Re: Do we want a hashset type?

Поиск
Список
Период
Сортировка
От jian he
Тема Re: Do we want a hashset type?
Дата
Msg-id CACJufxF_Eo-=1_ffOGaQQzubKEGDgko1tD55VQWo-9=-xAntEQ@mail.gmail.com
обсуждение исходный текст
Ответ на Re: Do we want a hashset type?  ("Joel Jacobson" <joel@compiler.org>)
Ответы Re: Do we want a hashset type?  ("Joel Jacobson" <joel@compiler.org>)
Re: Do we want a hashset type?  ("Joel Jacobson" <joel@compiler.org>)
Список pgsql-hackers
On Sat, Jun 17, 2023 at 8:38 AM Joel Jacobson <joel@compiler.org> wrote:
>
> On Fri, Jun 16, 2023, at 17:42, Joel Jacobson wrote:
> > I realise int4hashset_hash() is broken,
> > since two int4hashset's that are considered equal,
> > can by coincidence get different hashes:
> ...
> > Do we have any ideas on how to fix this without sacrificing performance?
>
> The problem was due to hashset_hash() function accumulating the hashes
> of individual elements in a non-commutative manner. As a consequence, the
> final hash value was sensitive to the order in which elements were inserted
> into the hashset. This behavior led to inconsistencies, as logically
> equivalent sets (i.e., sets with the same elements but in different orders)
> produced different hash values.
>
> Solved by modifying the hashset_hash() function to use a commutative operation
> when combining the hashes of individual elements.
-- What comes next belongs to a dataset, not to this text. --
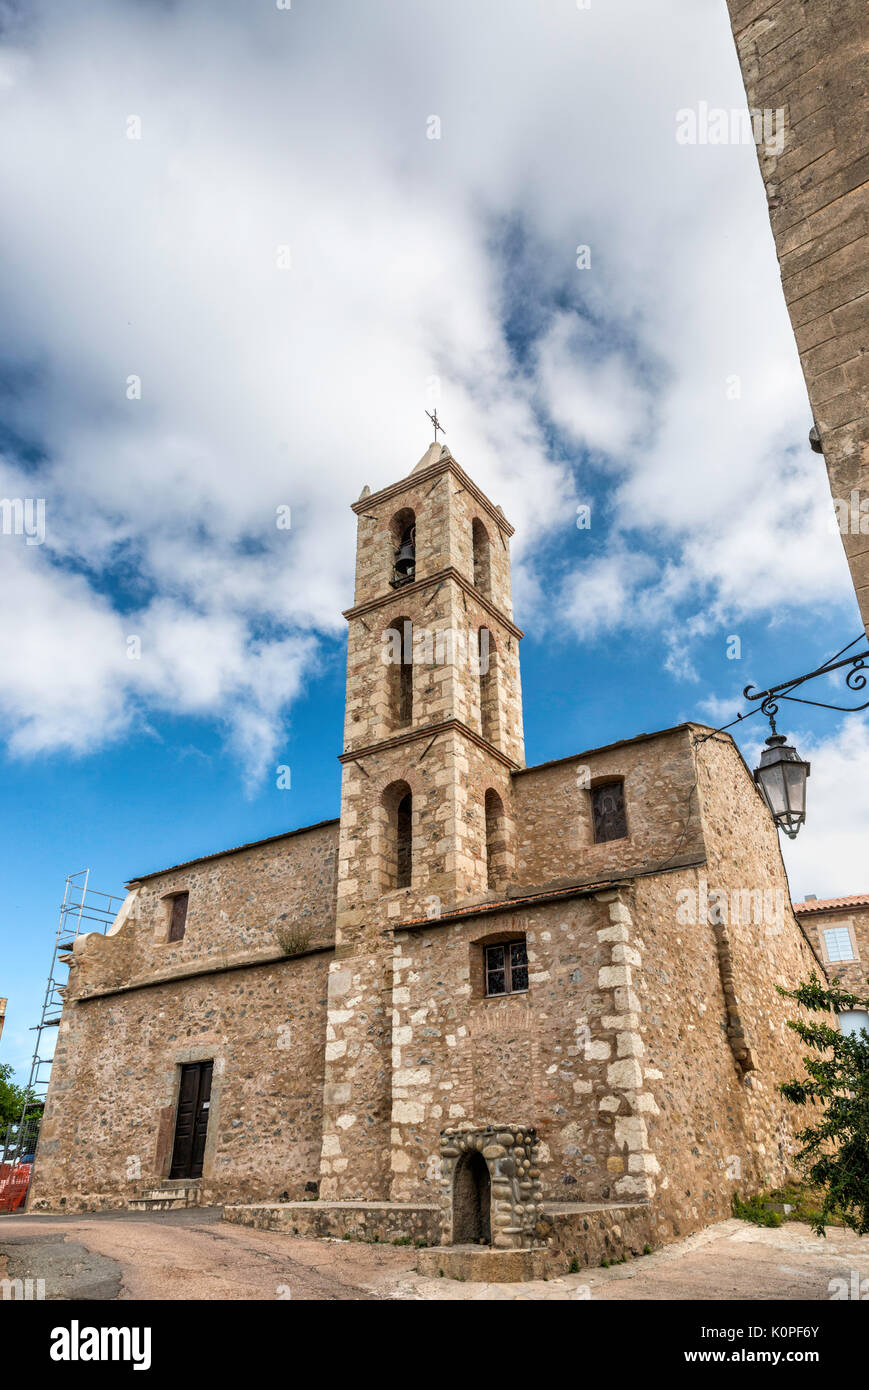 St-Marcel Church near Fort de Matra in Aleria, Corsica, France - Stock Image

This change ensures that the
> final hash value is independent of the element insertion order, and logically
> equivalent sets produce the same hash.
>
> An somewhat unfortunate side-effect of this fix, is that we can no longer
> visually sort the hashset output format, since it's not lexicographically sorted.
> I think this is an acceptable trade-off for a hashset type,
> since the only alternative I see would be to sort the elements,
> but then it wouldn't be a hashset, but a treeset, which different
> Big-O complexity.
>
> New patch is attached, which will henceforth always be a complete patch,
> to avoid the hassle of having to assemble incremental patches.
>
> /Joel


select hashset_contains('{1,2}'::int4hashset,NULL::int);
should return null?
---------------------------------------------------------------------------------
SELECT attname
        ,pc.relname
        ,CASE attstorage
        WHEN 'p' THEN 'plain'
        WHEN 'e' THEN 'external'
        WHEN 'm' THEN 'main'
        WHEN 'x' THEN 'extended'
        END AS storage
FROM    pg_attribute pa
join    pg_class    pc  on pc.oid = pa.attrelid
where   attnum > 0      and pa.attstorage   = 'e';

In my system catalog, it seems only the hashset type storage =
'external'. most is extended.....
I am not sure the consequence of switch from external to extended.
------------------------------------------------------------------------------------------------------------
select hashset_hash('{-1,1}')   as a1
        ,hashset_hash('{1,-2}') as a2
        ,hashset_hash('{-3,1}') as a3
        ,hashset_hash('{4,1}')  as a4;
returns:
     a1      |    a2     |     a3     |     a4
-------------+-----------+------------+------------
 -1735582196 | 998516167 | 1337000903 | 1305426029
(1 row)

values {a1,a2,a3,a4} should be monotone increasing, based on the
function int4hashset_cmp, but now it's not.
so the following queries failed.

--should return only one row.
select hashset_cmp('{2,1}','{3,1}')
union
select hashset_cmp('{3,1}','{4,1}')
union
select hashset_cmp('{1,3}','{4,1}');

select hashset_cmp('{9,10,11}','{10,9,-11}') =
hashset_cmp('{9,10,11}','{10,9,-1}'); --should be true
select '{2,1}'::int4hashset > '{7}'::int4hashset; --should be false.
based on int array comparison,.
-----------------------------------------------------------------------------------------
I comment out following lines in hashset-api.c somewhere between {810,829}

// if (a->hash < b->hash)
// PG_RETURN_INT32(-1);
// else if (a->hash > b->hash)
// PG_RETURN_INT32(1);

// if (a->nelements < b->nelements)
// PG_RETURN_INT32(-1);
// else if (a->nelements > b->nelements)
// PG_RETURN_INT32(1);

// Assert(a->nelements == b->nelements);

So hashset_cmp will directly compare int array. the above queries works.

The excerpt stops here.